Her fingers—pink and soft from the humidity in her kitchen—grip the edges of her nonstick muffin pan as she slides it into the bottom rack of the oven, listening for the familiar clink of her wedding ring against the pan’s metal. She shuts the oven door slowly and presses the On button, streaking the handle with a combination of cooking oil and powdered sugar.

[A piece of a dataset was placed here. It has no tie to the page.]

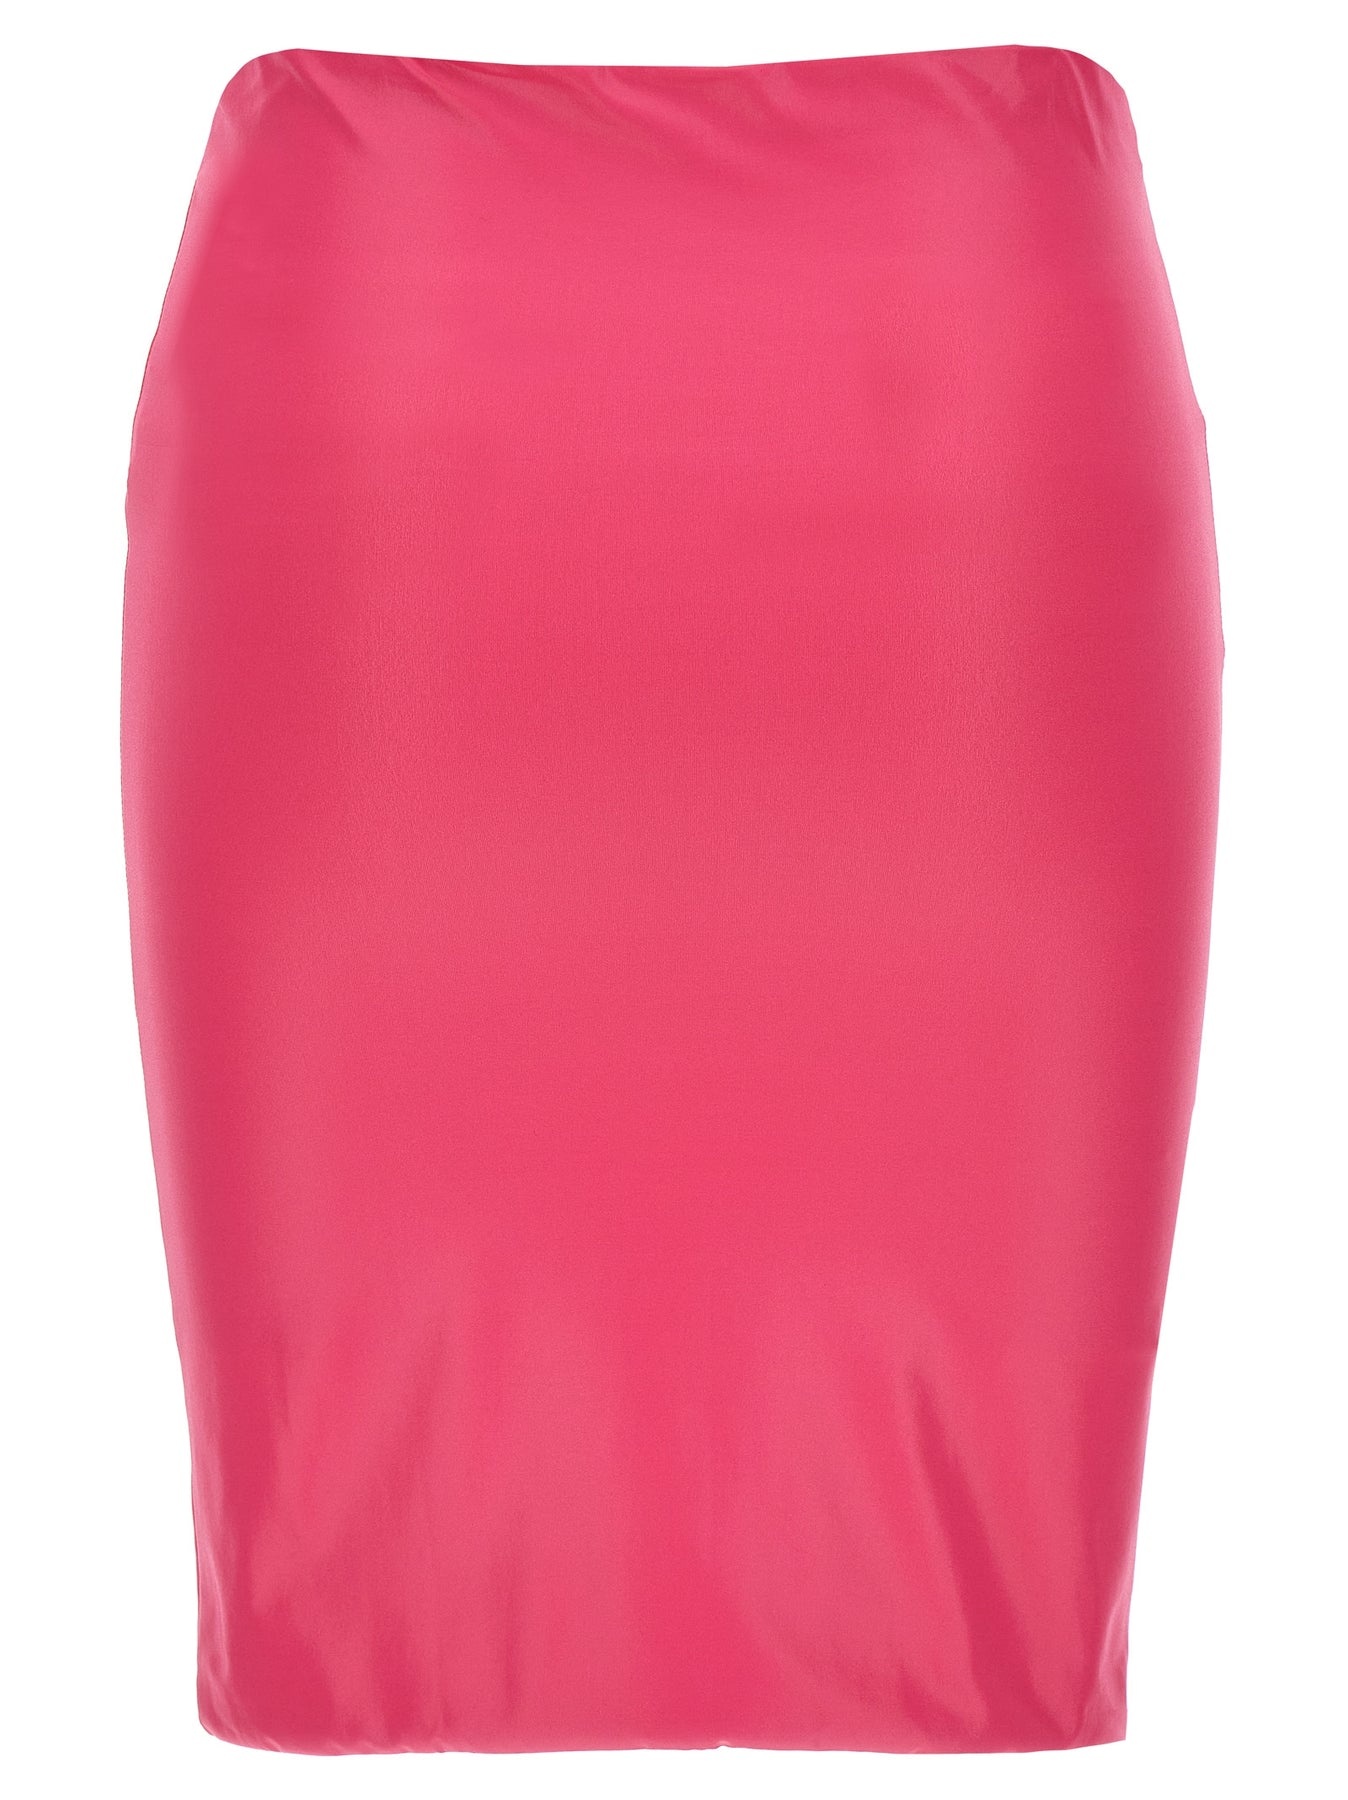 Lycra Miniskirt Beachwear Fuchsia - 2

The pan consists of twelve identical cups arranged in four rows. The first row is full of vanilla muffin batter mixed with fat blueberries—swelling and popping in the oven’s heat, releasing purple juices that bleed into the white batter like a child’s broken scab into the cotton pad of a band-aid. The second row consists of layered 2-by-4-inch strips of puff pastry with chopped pieces of chocolate nestled in the pan’s hollows. The pastry rises quickly, forming flaky croissant-shells around the chocolate. The third row holds millions of baby tardigrades. Each cup contains countless squirming bodies—fat and orange with long fingers and swollen abdomens. Their curved bodies stick together, the folded stomach of one pressing against the thick legs of another, forming a semi-solid mass of microorganisms. The fourth row is chocolate—dark chocolate batter for chocolate cupcakes, each lined in a purple baking cup.
She knows full well that each row requires a different baking time. Fifteen minutes for the chocolate cupcakes. Twenty for the muffins. Ten for the croissants. Eighteen for the tardigrades. She leaves them all in the oven for twenty minutes. Charred cupcakes, dark brown edges on crunchy croissants, crispy baby tardigrades. The muffins should be perfect.